Internet Draft        draft-ietf-idr-restart-00.txt        December 2000


6. Operation

   A BGP speaker may advertise the Graceful Restart Capability for an
   address family to its peer only if it has the ability to preserve its
   forwarding state for the address family when BGP restarts.

   Even if the speaker does not have the ability to preserve its
   forwarding state for any address family during BGP restart, it is
   still recommended that the speaker advertise the Graceful Restart
   Capability to its peer to indicate its intention of generating the
   End-of-RIB marker upon the completion of its initial routing updates.

   The End-of-RIB marker should be sent by a BGP speaker to its peer
   once it completes the initial routing update (including the case when
   there is no update to send) for an address family after the BGP
   session is established.

   It is noted that the normal BGP procedures MUST be followed when the
   TCP session terminates due to the sending or receiving of a BGP
   NOTIFICATION message.

   In general the Restart Time SHOULD NOT be greater than the HOLDTIME
   carried in the OPEN.

   In the following sections, "Restarting Speaker" refers to a router
   whose BGP has restarted, and "Receiving Speaker" refers to a router
   that peers with the restarting speaker.
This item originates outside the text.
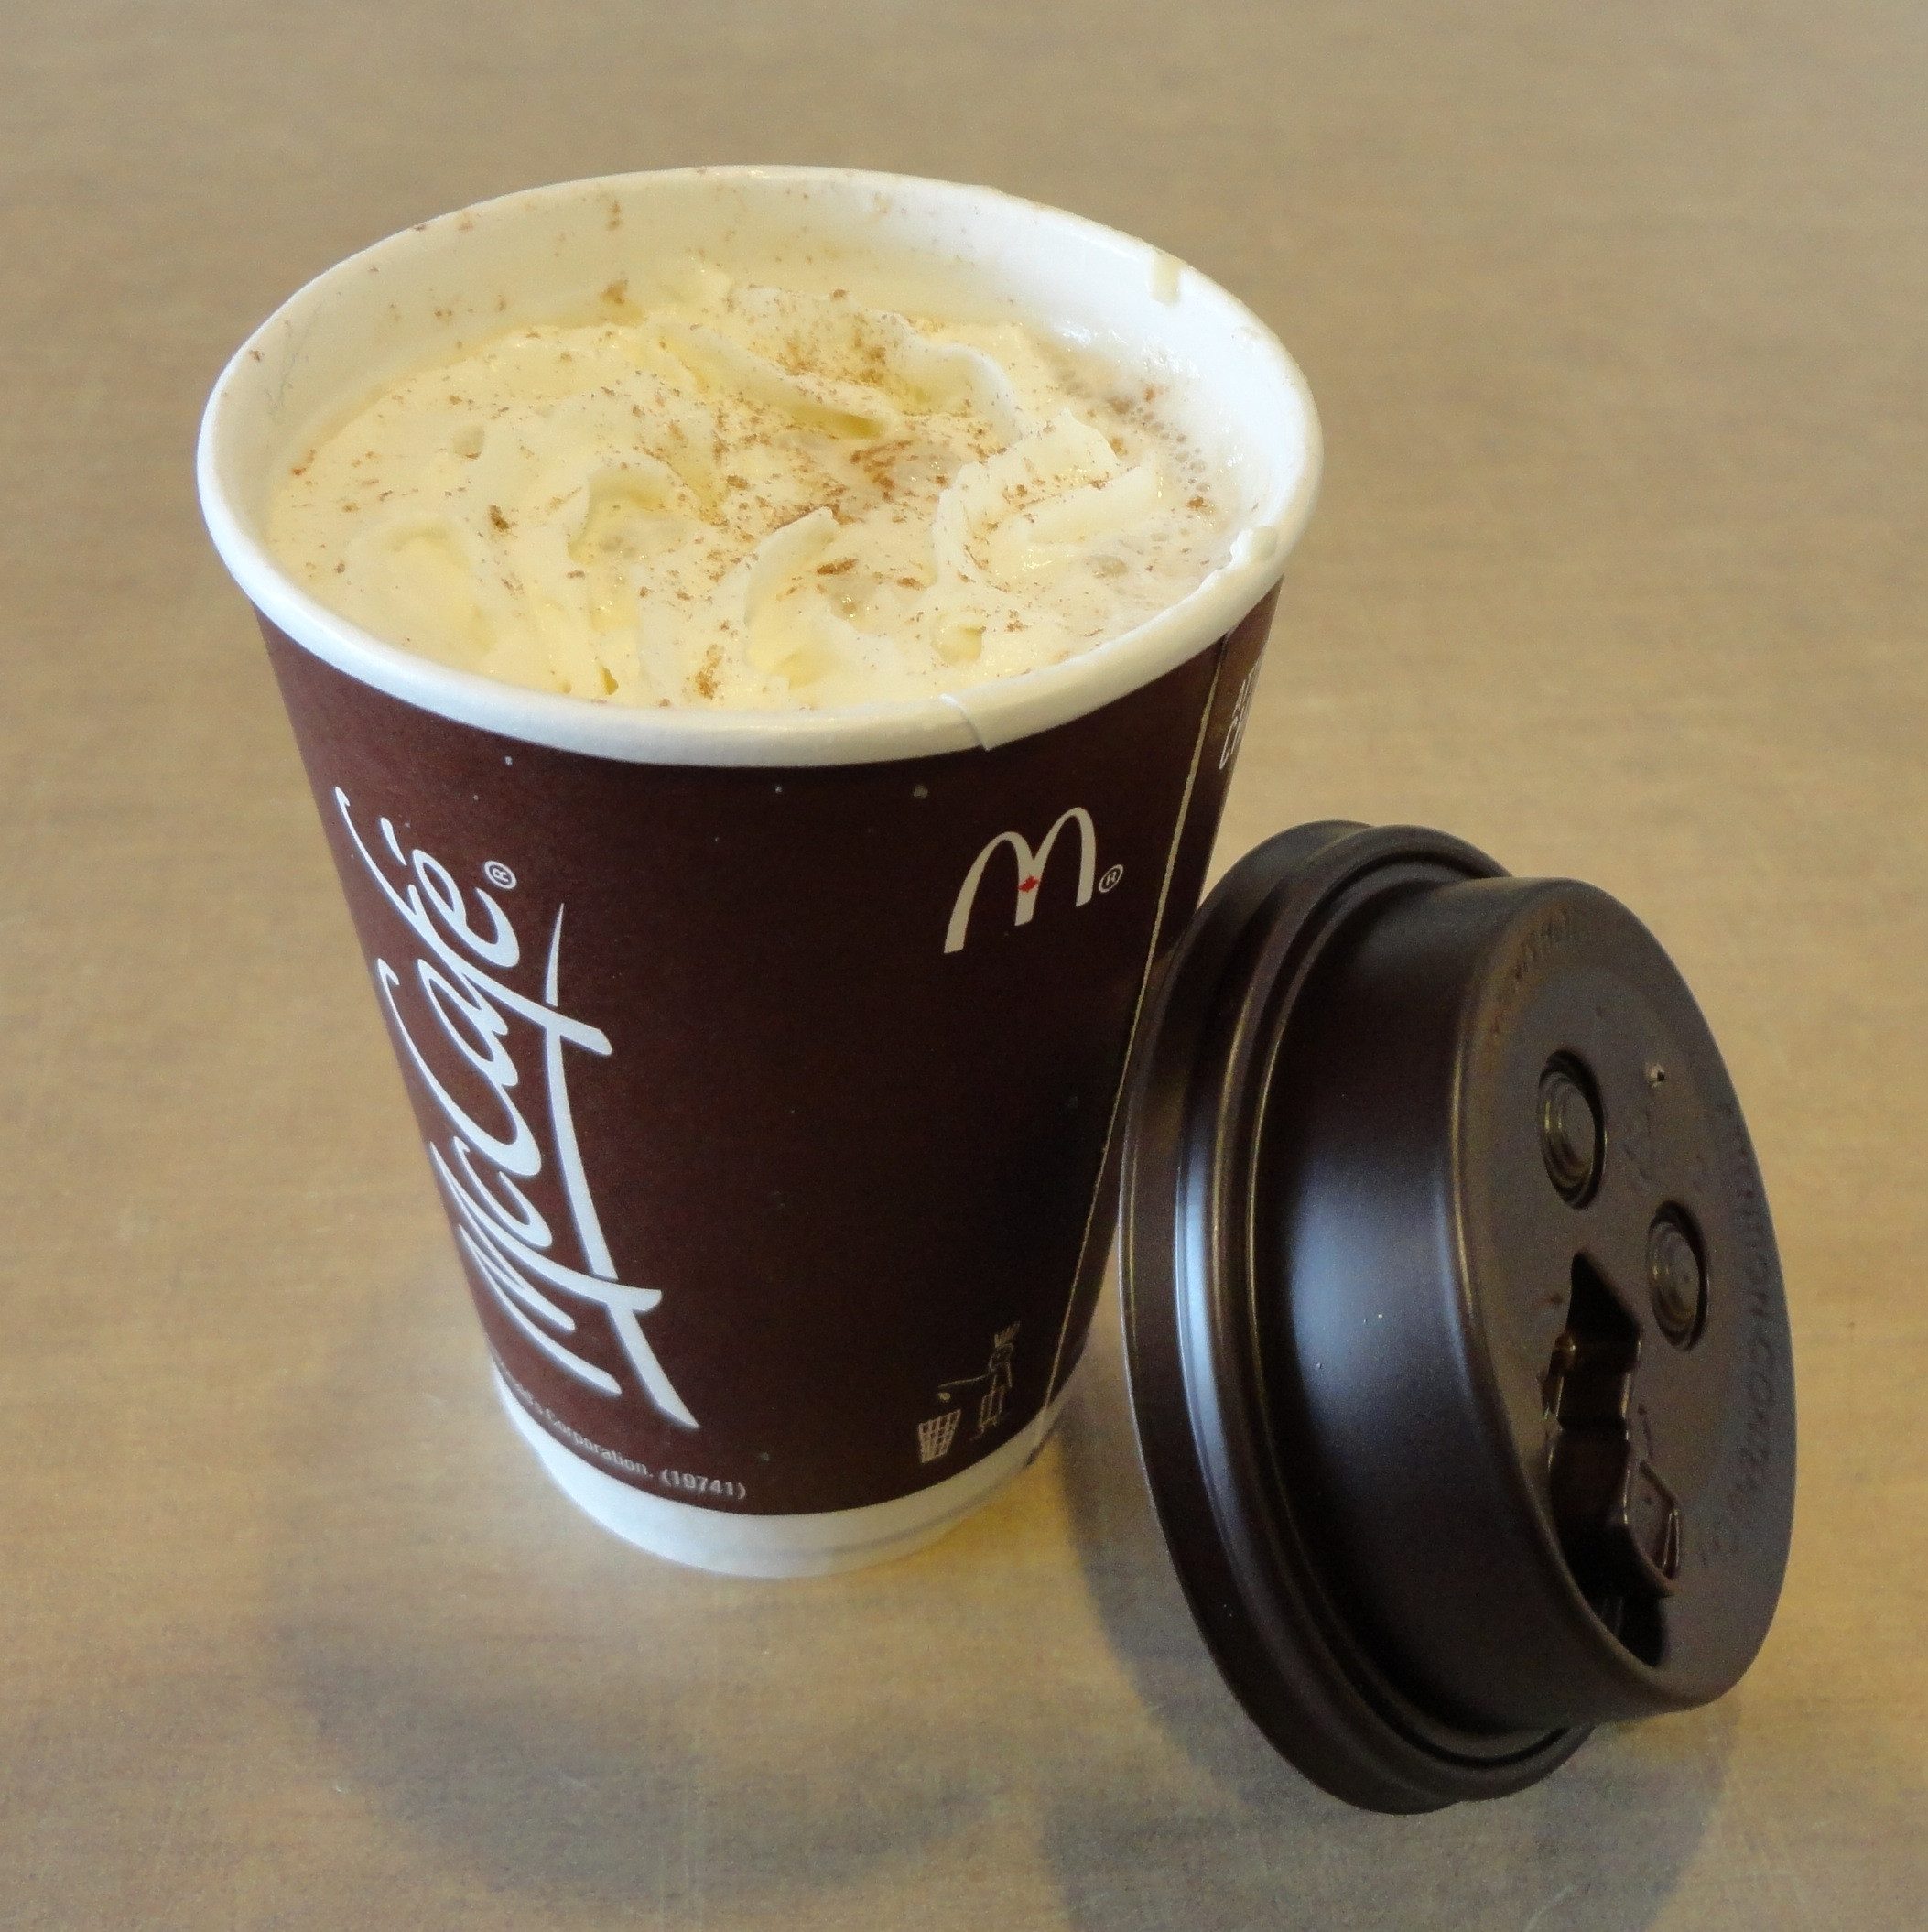 Mcdonalds Hot Chocolate
 hot chocolate

   Consider that the Graceful Restart Capability for an address family
   is advertised by the Restarting Speaker, and is understood by the
   Receiving Speaker, and a BGP session between them is established.
   The following sections detail the procedures that shall be followed
   by the Restarting Speaker as well as the Receiving Speaker once the
   Restarting Speaker restarts.


6.1. Procedures for the Restarting Speaker

   When the Restarting Speaker restarts, if possible it shall retain the
   forwarding state for the BGP routes in the Loc-RIB, and shall mark
   them as stale.  It should not differentiate between stale and other
   information during forwarding.

   To re-establish the session with its peer, the Restarting Speaker
   must set the "Restart State" bit in the Graceful Restart Capability
   of the OPEN message.  Unless allowed via configuration, the
   "Forwarding State" bit for an address family in the capability can be
   set only if the forwarding state has indeed been preserved for that



draft-ietf-idr-restart-00.txt                                   [Page 5]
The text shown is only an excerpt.